1. **Convenience:** One-click purchasing can streamline the acquisition process, saving time and effort for investors.

2. **Diversification:** By offering properties in different neighborhoods, investors can diversify their real estate portfolio and reduce risk.

3. **Rental Demand:** San Francisco historically has strong rental demand due to its tech industry presence, so rental properties can generate consistent income.

4. **Potential for Appreciation:** Some neighborhoods in San Francisco have a history of property value appreciation, which can provide long-term capital gains.

**Considerations and Risks:**

1. **Market Volatility:** The real estate market can be volatile, and property values can fluctuate. It's crucial to conduct thorough market research and due diligence before making investments.

2. **Maintenance and Management:** Owning rental properties involves responsibilities such as maintenance, tenant management, and property upkeep, which can be time-consuming and require additional resources.

3. **Regulations:** Be aware of local rental regulations and tenant laws in San Francisco, as they can impact your ability to rent out properties and your obligations as a landlord.

4. **Property Selection:** Not all neighborhoods in San Francisco offer the same investment potential. Carefully select neighborhoods based on factors like rental yield, historical appreciation, and future growth prospects.

**Neighborhoods for Investment:**

While I can't provide real-time data, here are some neighborhoods in San Francisco that have historically been considered attractive for real estate investment:

1. **SoMa (South of Market):** Known for its proximity to tech companies, SoMa has seen strong demand for rental properties.
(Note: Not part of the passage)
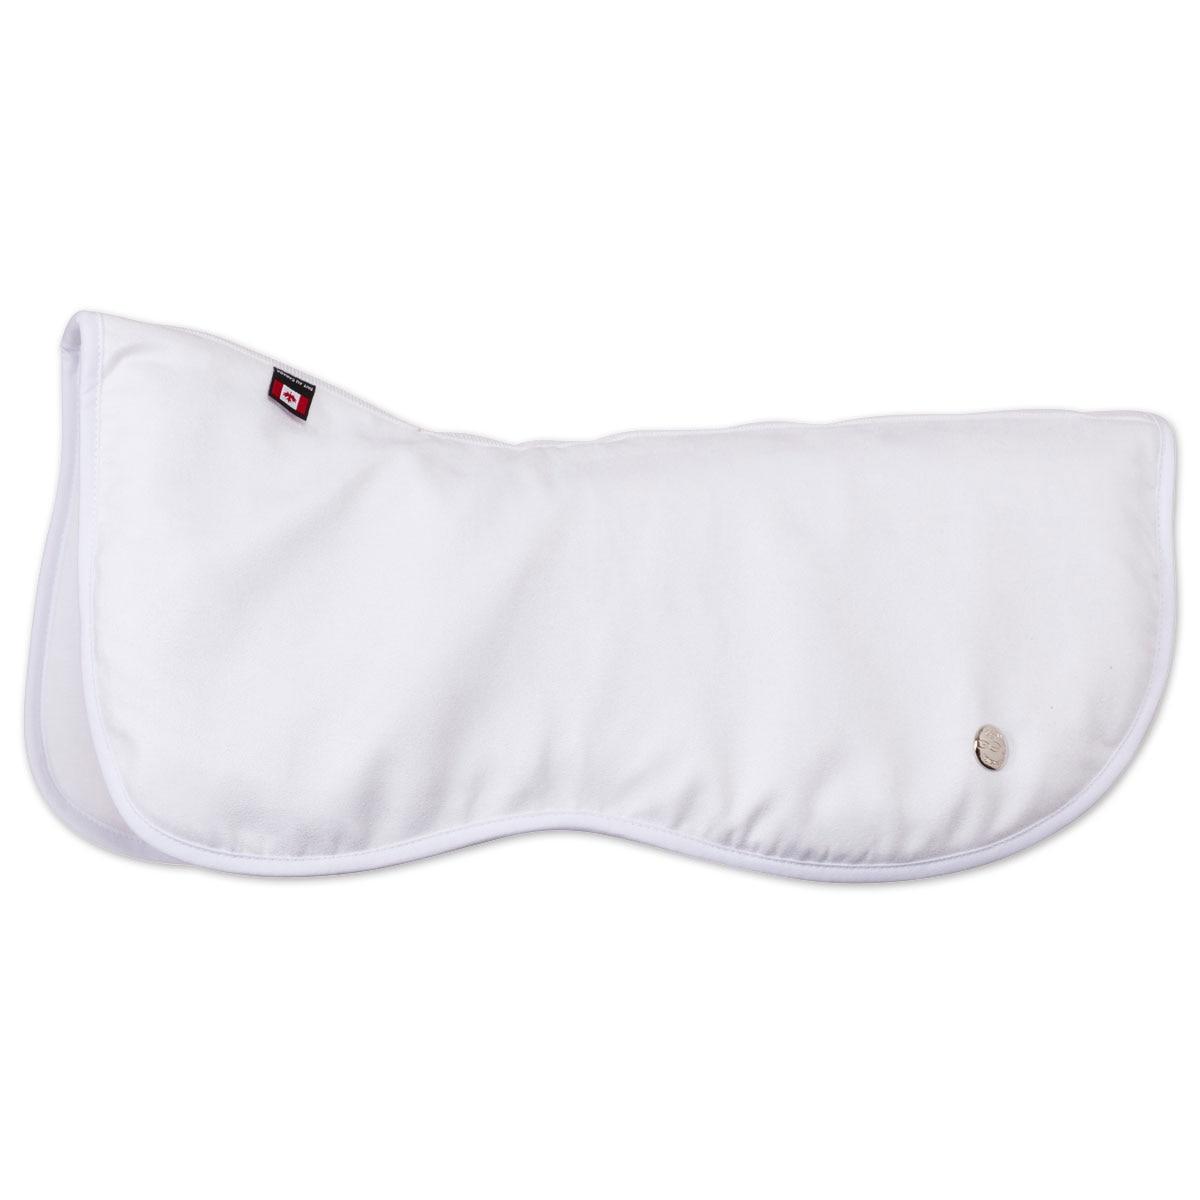 Ogilvy Dressage Memory Foam Half Pad
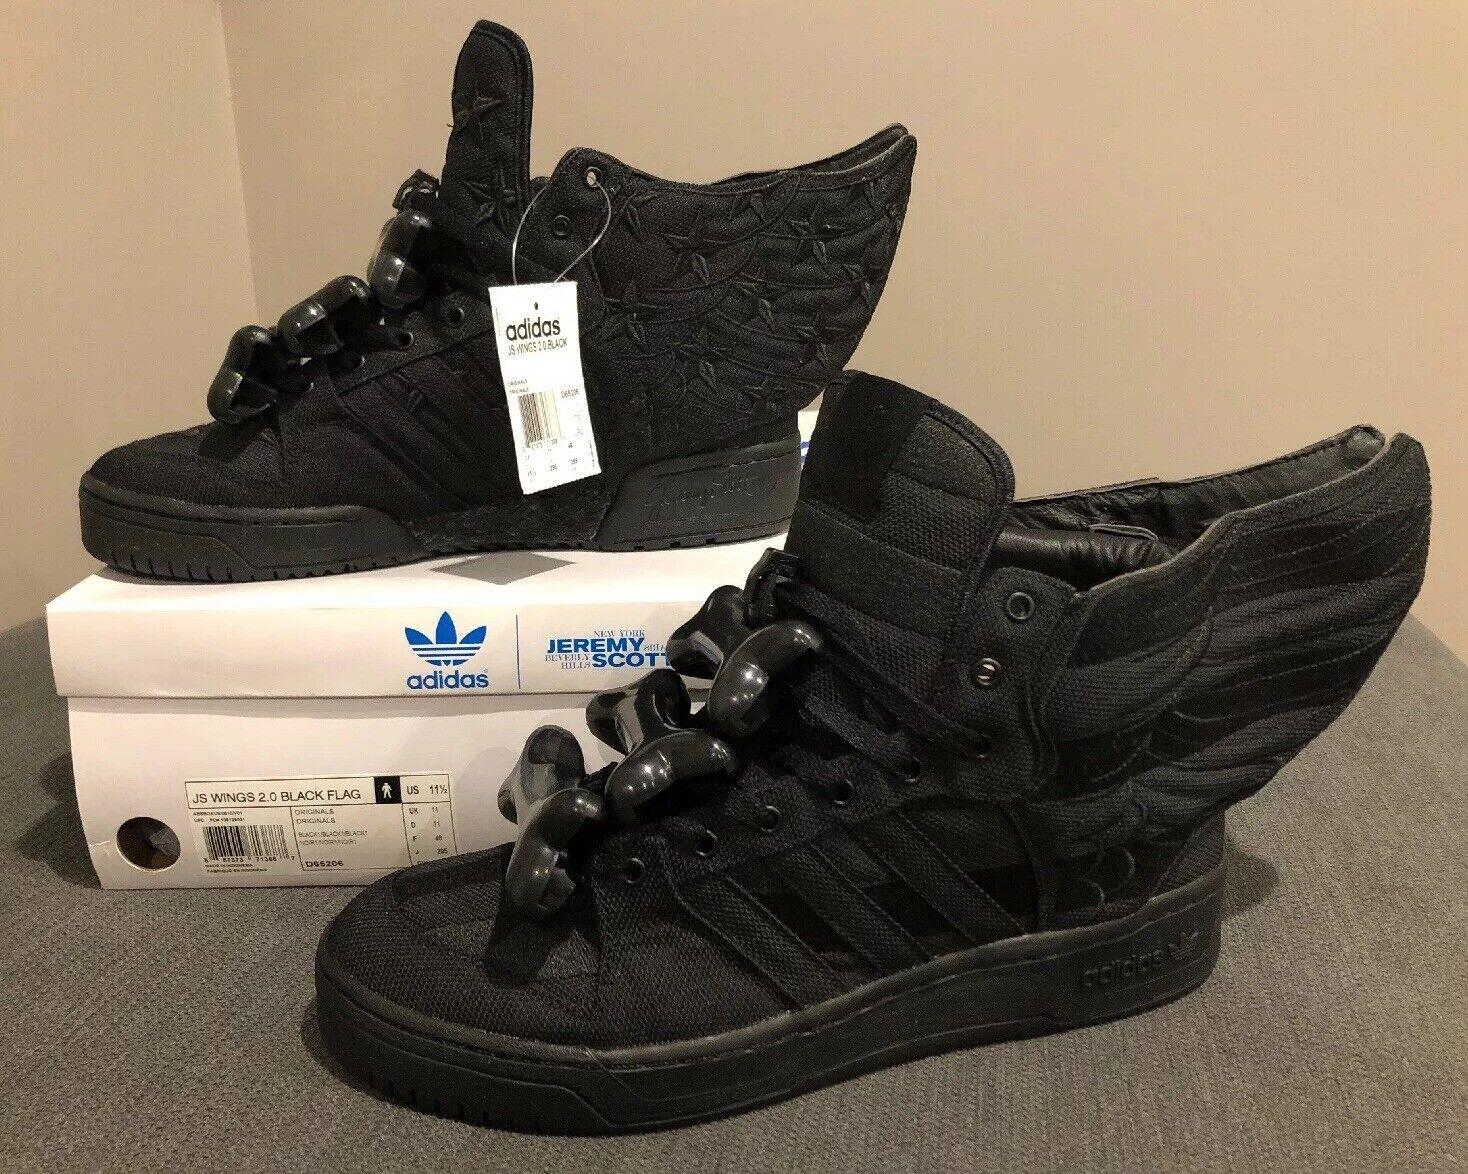 NEW Adidas Jeremy Scott Asap Rocky Black Flag Wings 2.0, Size 11.5, Very Rare

However, property prices can be high.

2. **Mission District:** This neighborhood offers a mix of housing types and attracts a diverse demographic. It has seen appreciation in property values in the past.

3. **Inner Sunset:** Located close to Golden Gate Park and the University of California, San Francisco (UCSF), it has been popular among students and healthcare professionals, potentially providing a stable tenant base.

4. **Outer Richmond:** This neighborhood has a suburban feel and can offer more affordable investment options compared to some other parts of the city.

5. **Bayview-Hunters Point:** Historically an area with lower property prices, it has shown potential for future growth due to redevelopment projects and its proximity to the waterfront.

However, the attractiveness of neighborhoods can change over time, so it's essential to consult with local real estate experts, conduct thorough market research, and consider your investment goals and risk tolerance before deciding on specific neighborhoods for investment.

Additionally, consider working with a real estate agent or property management company with local expertise to help you navigate the San Francisco real estate market effectively. They can provide valuable insights and assistance in managing your rental properties.